Relative Compaction In-situ?

[fattdad]

Here's the nature of the cunundrum: If you have a site where the natural soils are firm to compact clayey sand (i.e., N=10 to 30) and very favorable for reuse in earthwork (i.e., correct moisture content, etc.) how many cubic yards of excavation would it take to yield the equivalent amount of fill (based on 95 percent Standard Proctor)? I would think that the in-situ soils (seemingly stable for cut slopes, foundation bearing, etc.) would be at a favorable level of compaction. I would also think that one cubic yard of soil in-situ would provide more than one cubic yard in the back of the dump truck.
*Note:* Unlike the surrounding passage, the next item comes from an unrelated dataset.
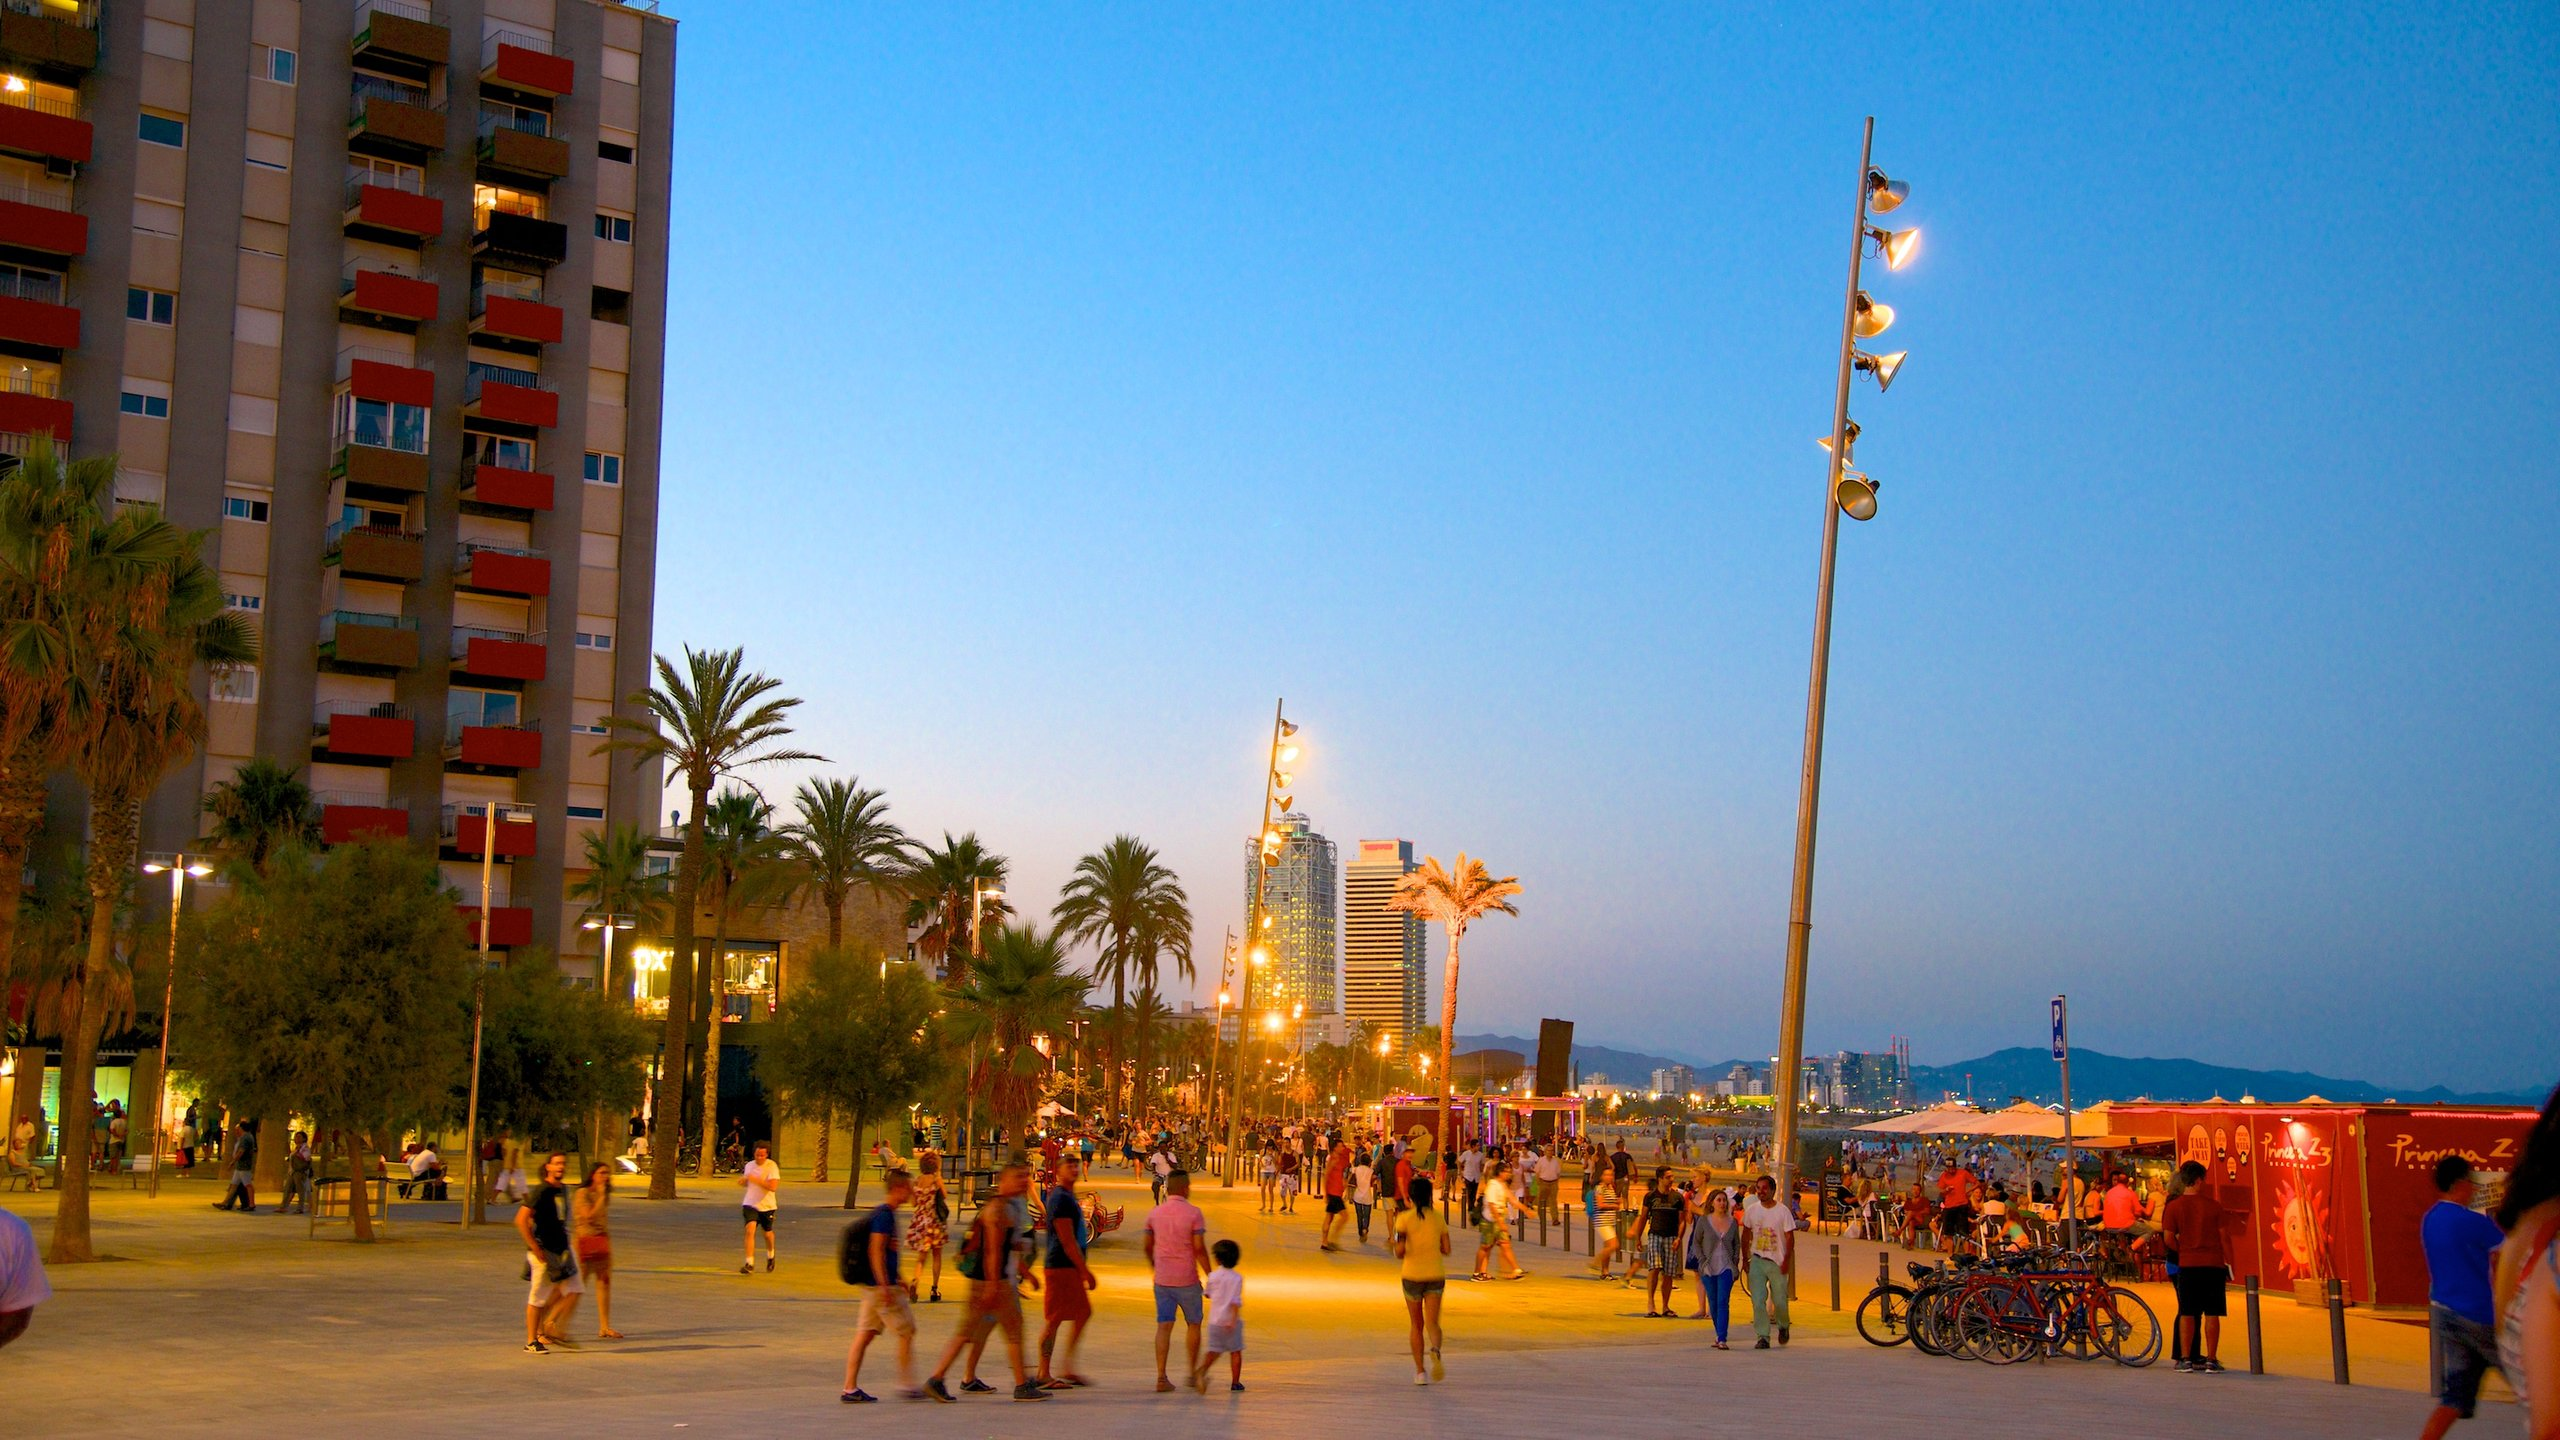 Hotel Barcelona Gunstig Buchen Hotels Expedia De

I would also think that the yardage in the dump truck would be more than the yardage in the newly-placed fill. My question is just what is the relationship between the excavation volume and the fill volume?

I just had an earthwork contractor tell me that he uses 12 percent, which would make some sense in going from the dump truck to the newly-placed fill. But is this even close to the "shrinkage" factor in going from the in-situ volume to the compacted volume?

I considered an ideal soil: gammaDmax@117, gammaD95@111.15 and gammaD85@99.45 pcf. Solving the weight-volume relationship, going from 85 percent compaction to 95 percent compaction is a factor of about 12 percent. Does anybody out here really believe that compact in-situ soils are sitting at 85 percent relative compaction? I don't. . . .

Comments?

f-d

¡papá gordo ain’t no madre flaca!

 

[dgillette]

You're on the right track, papa gordo.

A QUICK look at some of our old projects with very large qties (100,000 cy up to several million) shows everything from over 5% net gain (borrow to embankment) to 15% net loss. That would have included some spillage, over-build that got trimmed off, etc. On a smaller project, I'd expect a higher percentage of spillage and such. Pulling numbers from my...uh...hat, I'd look for anything from 5 to 10 percent net loss.

85% sounds a bit light for material that is compact in the ground and has N up to 30.

 

[fattdad]

Here is an idealized case for discussion. For a soil with a maximum dry density of 117 pcf and specific gravity of 2.68 typical compaction in the field would be at 95 to 100 percent (let’s use RC=98). Correlations by Lee and Singh suggest that “relative compaction” (RC) is related to “relative density” (Dr) by the equation RC= 80+0.2Dr. DM 7.1 (page 7.1-87) presents correlation between SPT N-value, vertical effective stress and Dr. For soils within 7 ft of the ground surface, I was able to estimate Dr at zero feet and at 7 ft. Knowing Dr, I was then able to calculate what the volumetric strain would be for soils of varying N-values for these two depths (I could do this at one-foot intervals as well. . . ).

Here’s the correlation in the form of “shrinkage factors” versus N-value. Now we just have to figure out what it means.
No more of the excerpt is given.